Si el empresario cumple con sus obligaciones, la imposibilidad de devolver el producto objeto del contrato sólo será atribuible al consumidor si éste no actuó con la misma diligencia que para sus propios asuntos.

La responsabilidad
Junto al empresario y quienes actúen por cuenta del mismo, responderán solidariamente el mandatario, comisionista o agente que hayan actuado en nombre propio.

Recuerde:
Estos son los derechos mínimos a los que el consumidor no puede renunciar, aunque el contrato podría, en cambio, contener cláusulas más beneficiosas para él.
 -   Revise las condiciones de pago de estas ventas.
 -   No firme bajo ningún pretexto documentos que no estén debidamente identificados, y menos si están en blanco. Así evitará sorpresas como el añadido de intereses o recargos no indicados. El vendedor suele ofrecer financiación de la compra mediante créditos o préstamos personales. Valore si realmente le interesa dicha financiación y no firme nada si no está completamente seguro de que comprende todas las cláusulas del contrato.
 -   Exija la acreditación del vendedor, especialmente en caso de visitas domiciliarias.
 -   No se deje impresionar por regalos o promesas, ni entregue dinero anticipado.
 -   Pida factura o recibo firmados por el vendedor si avanza alguna cantidad, en los cuales figure el NIF, la dirección, y se desglosen los conceptos y el importe total.
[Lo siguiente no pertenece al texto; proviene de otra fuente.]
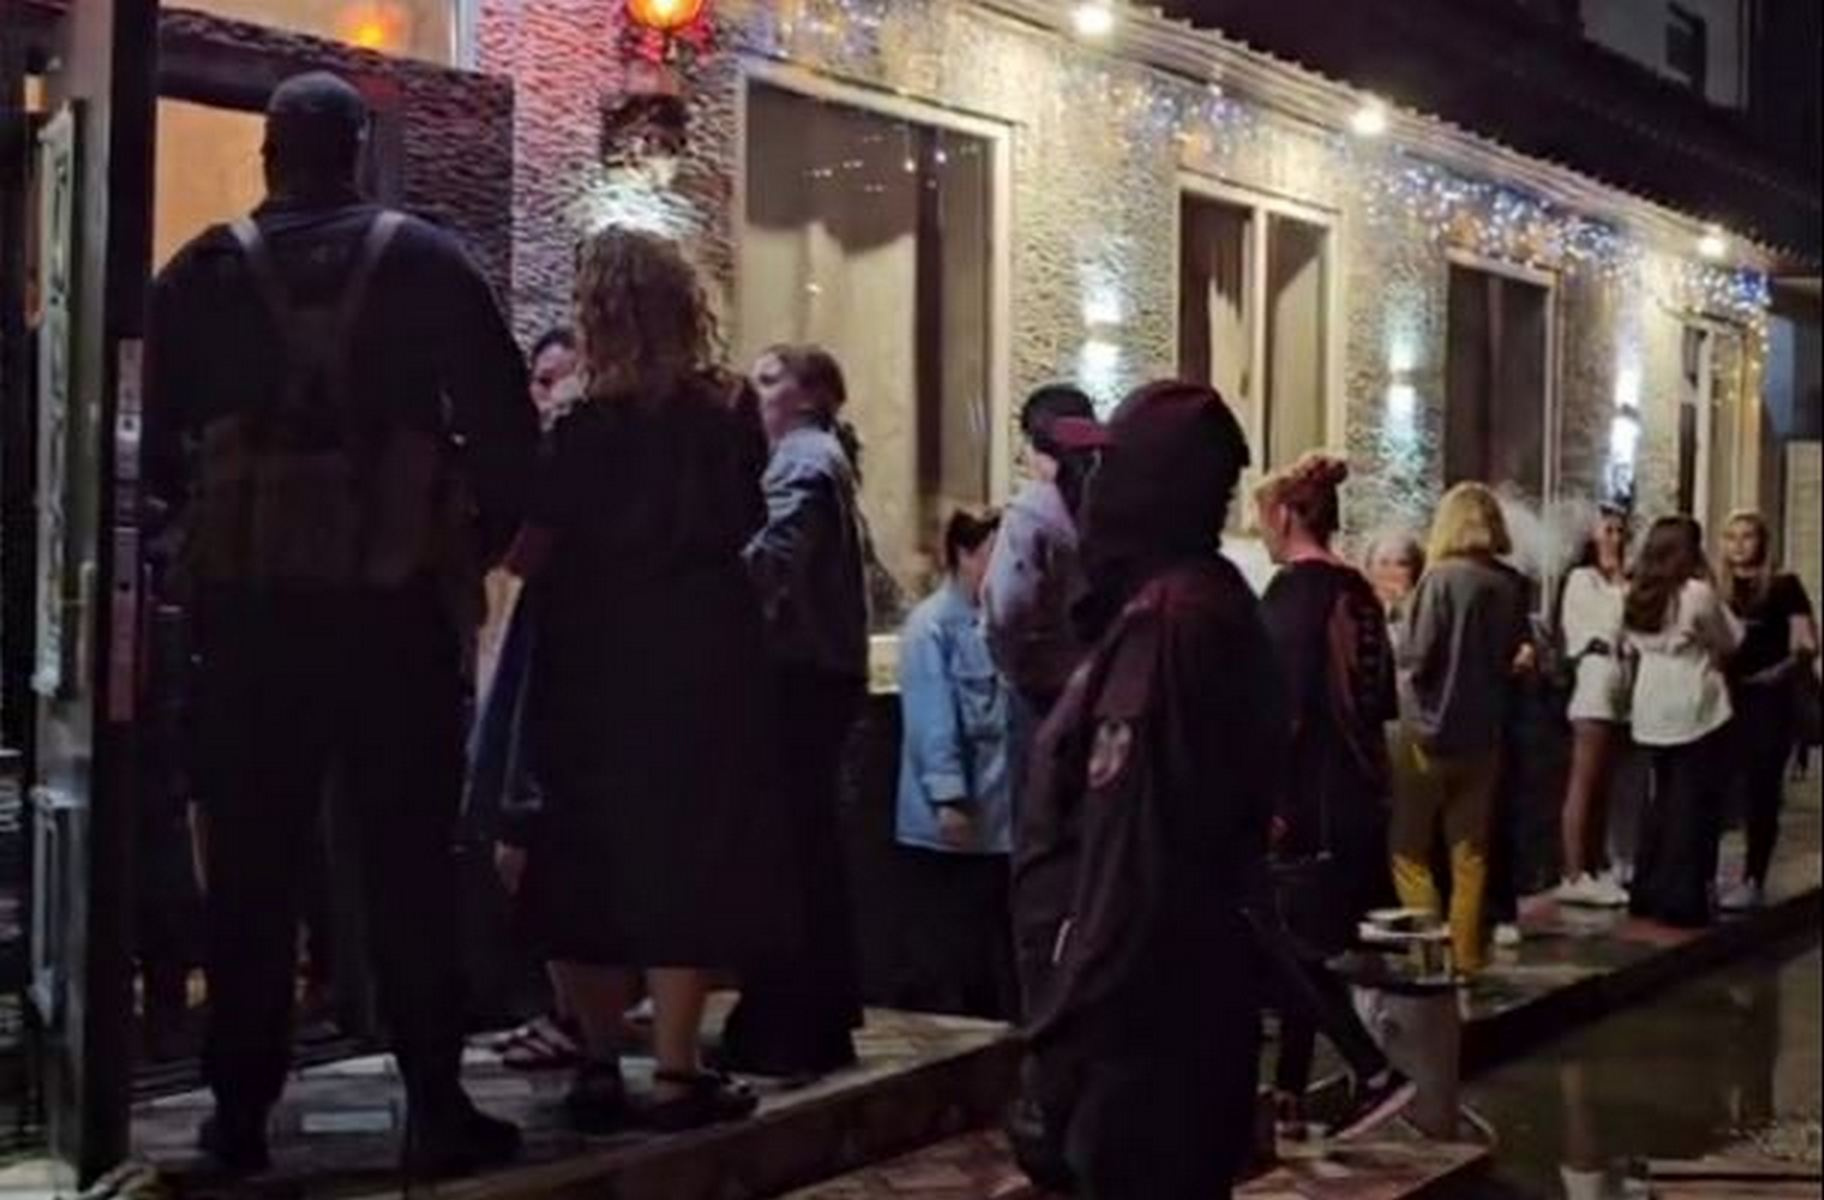 «Всем плохо, люди кашляют». В Екатеринбурге посреди ночи силовики нагрянули в большой ресторан

Si detecta alguna irregularidad, debe comunicarlo a la empresa por escrito. Si pese a ello no obtiene una respuesta satisfactoria, podrá dirigirse a una asociación de consumidores, o bien a la administración competente en consumo más cercana a su domicilio, para interponer la reclamación o, en su caso, solicitar un arbitraje de consumo.

Fuente: Departamento de Industria, Comercio y Turismo del Gobierno Vasco.